● **RECORDED DATA**
++++++++++++++++++++
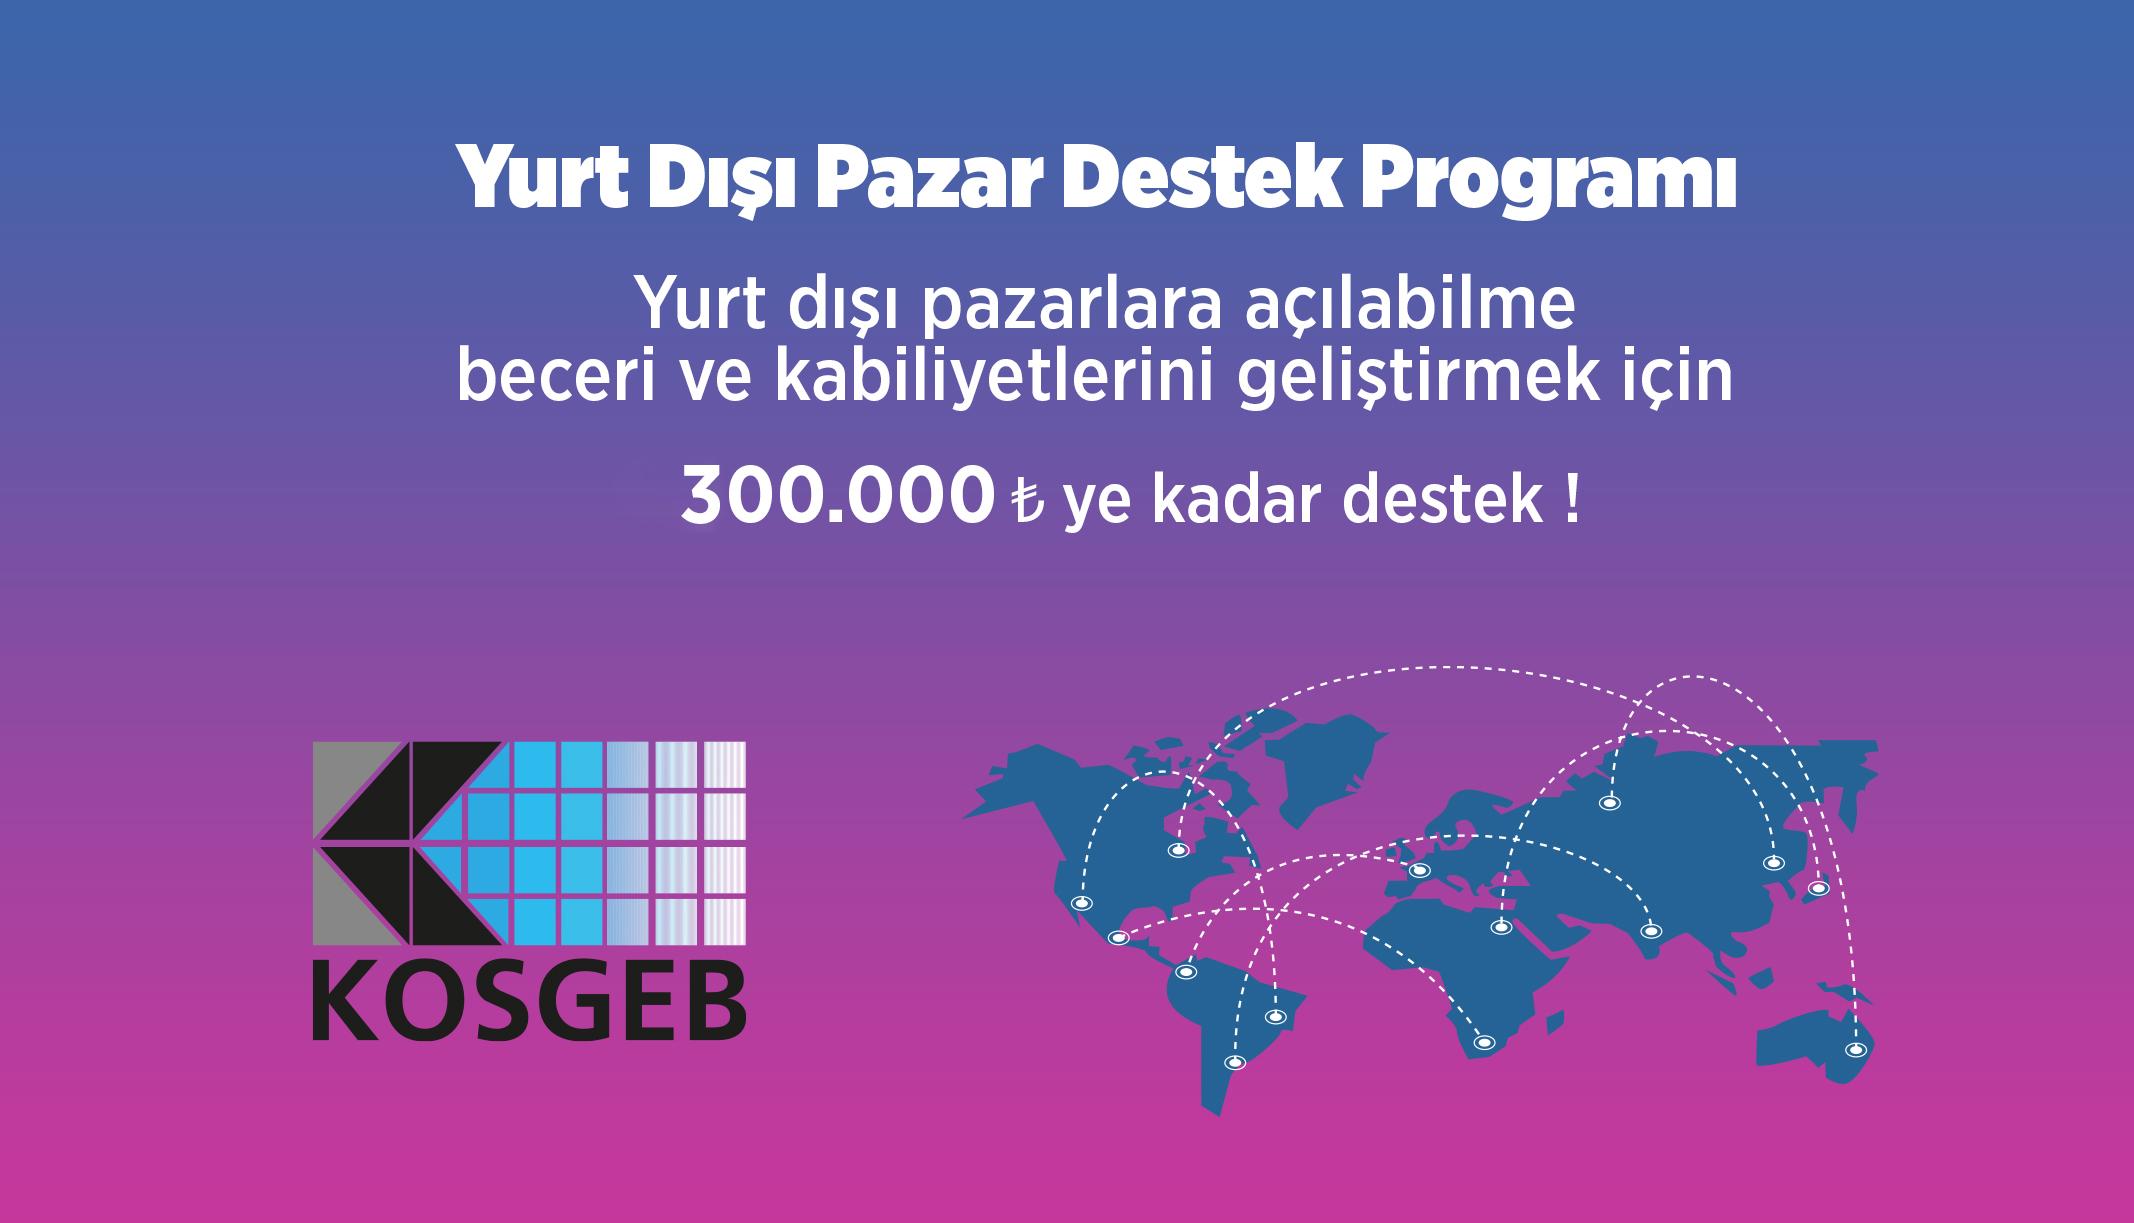 Yurt Dışı Pazar Destek Programı
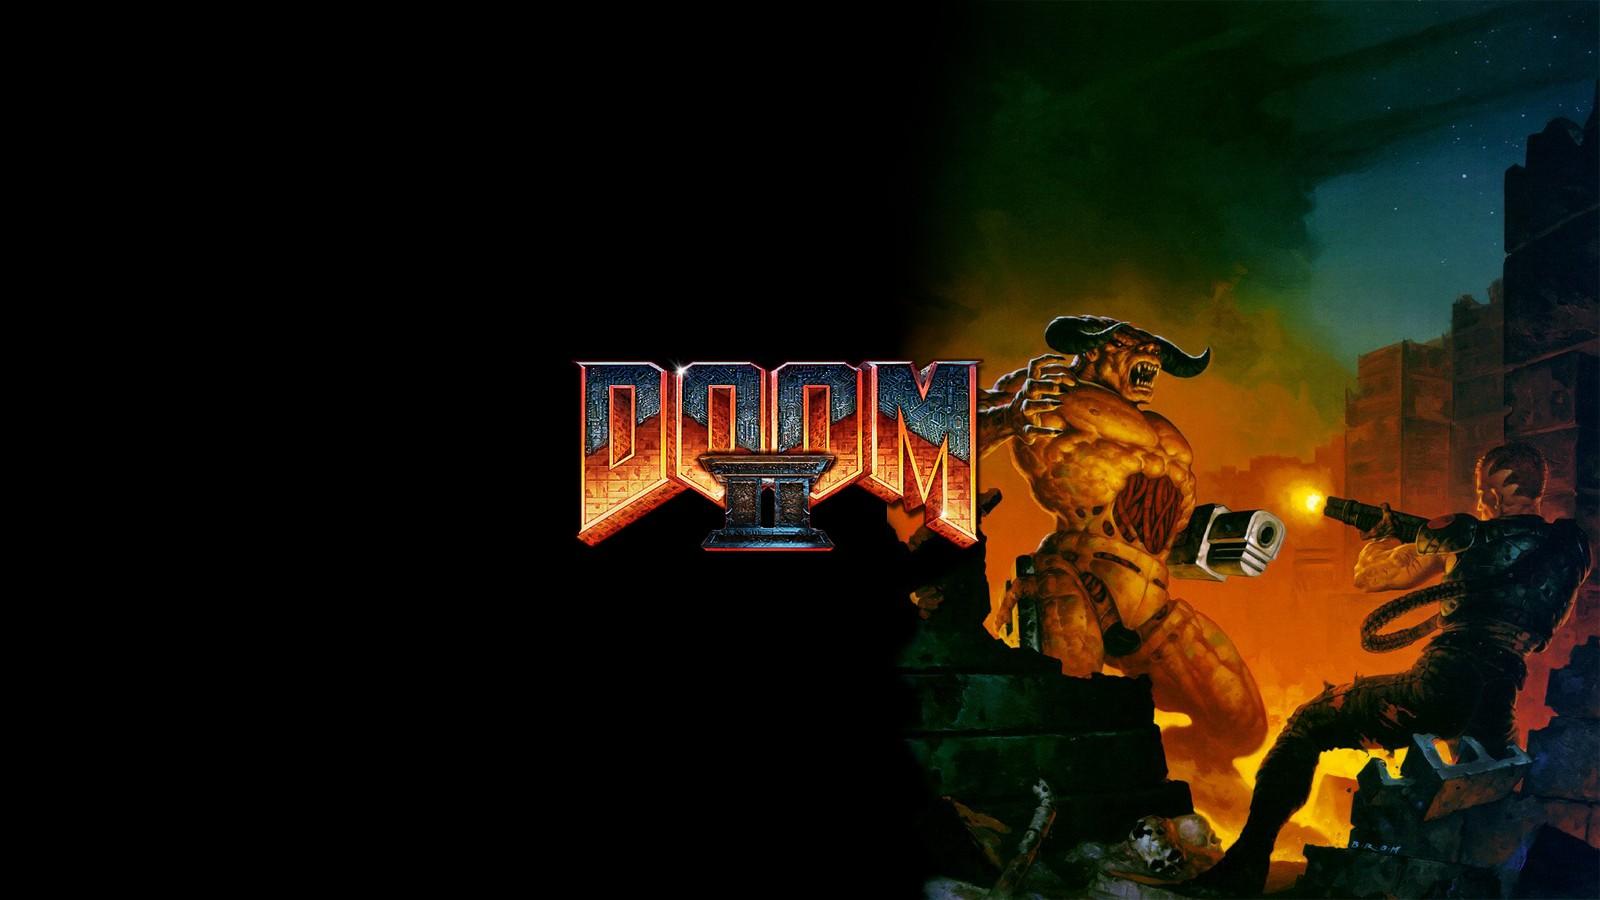 Doom retro games games wallpaper 1600x900 210117 WallpaperUP 1600x900
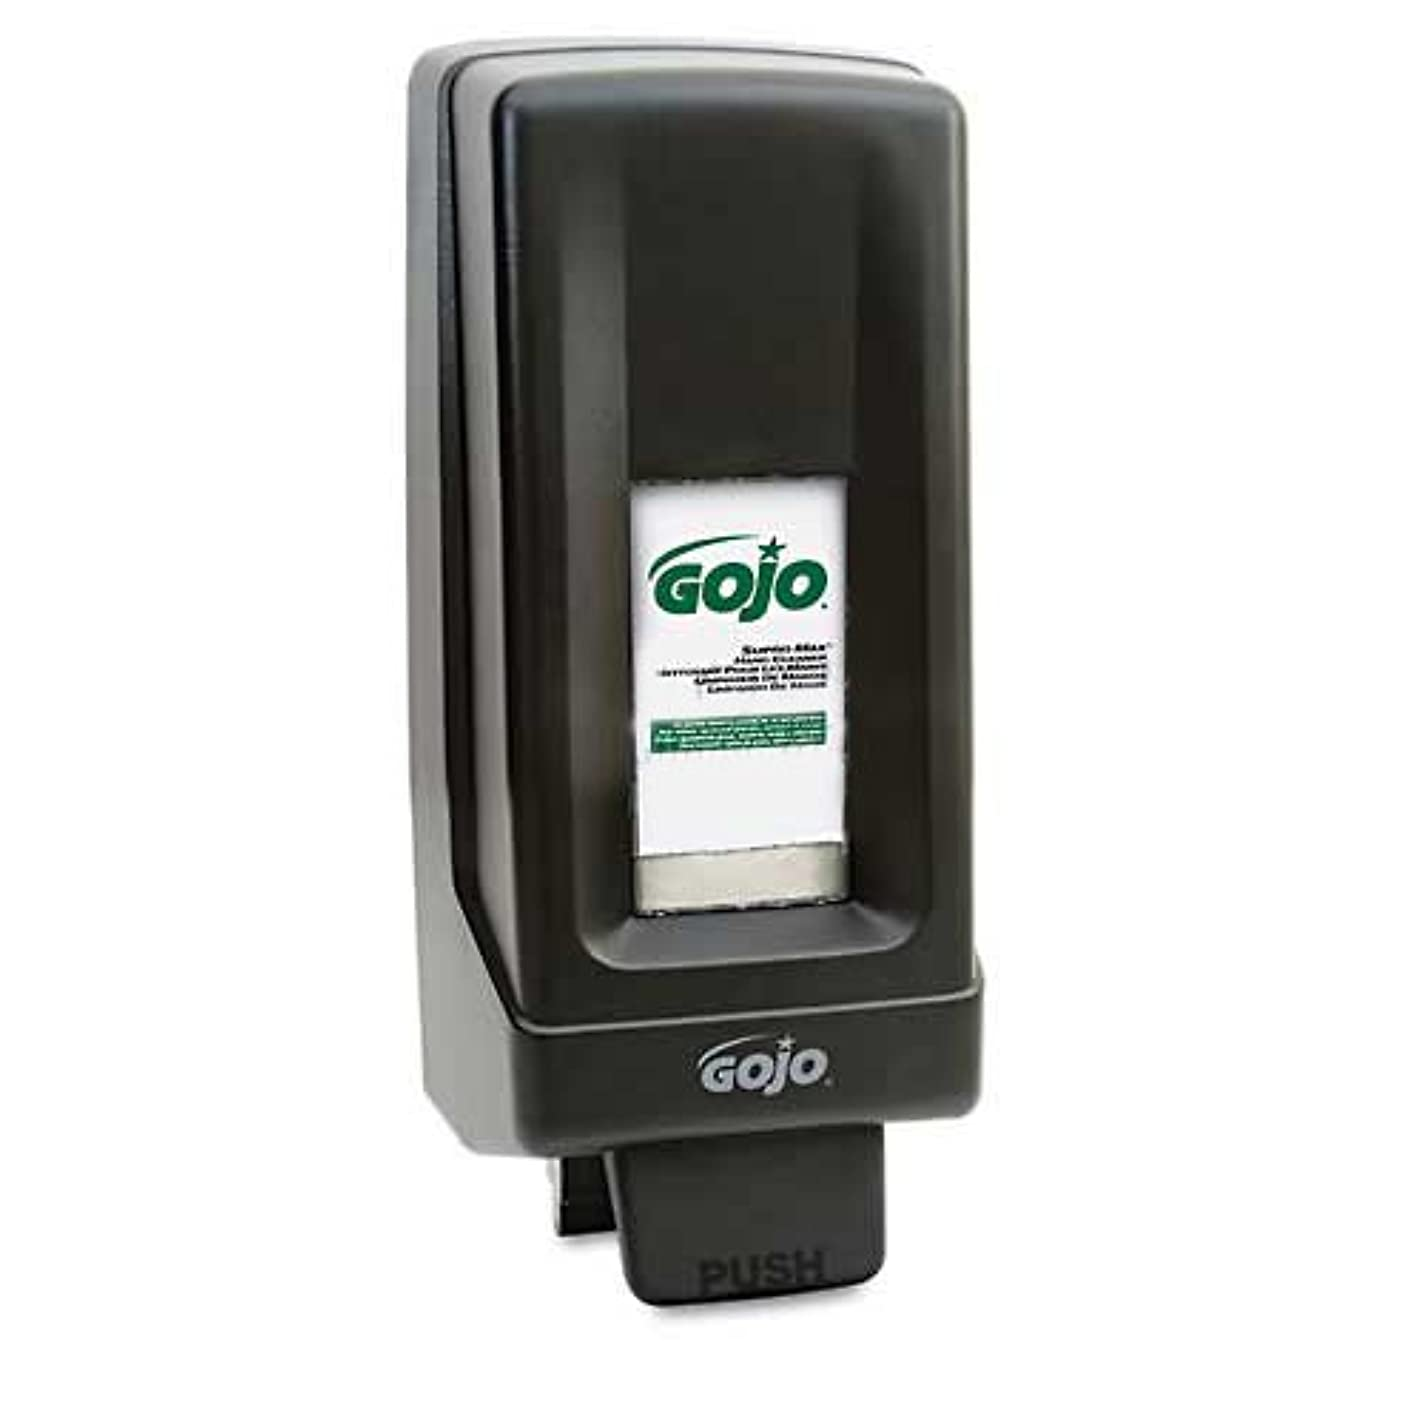 ハント本質的ではないクリエイティブGOJO PRO 5000ハンドソープディスペンサー、5000 ml、ブラック
++++++++++++++++++++
● **WHAT THE TASK REQUIRES**
Lines from the one that holds "Doom retro games" through the final line of the material are to be duplicated exactly; no pictures belong in the copy.

● **SOLVED PROBLEM**
 Doom retro games games wallpaper 1600x900 210117 WallpaperUP 1600x900
 ハント本質的ではないクリエイティブGOJO PRO 5000ハンドソープディスペンサー、5000 ml、ブラック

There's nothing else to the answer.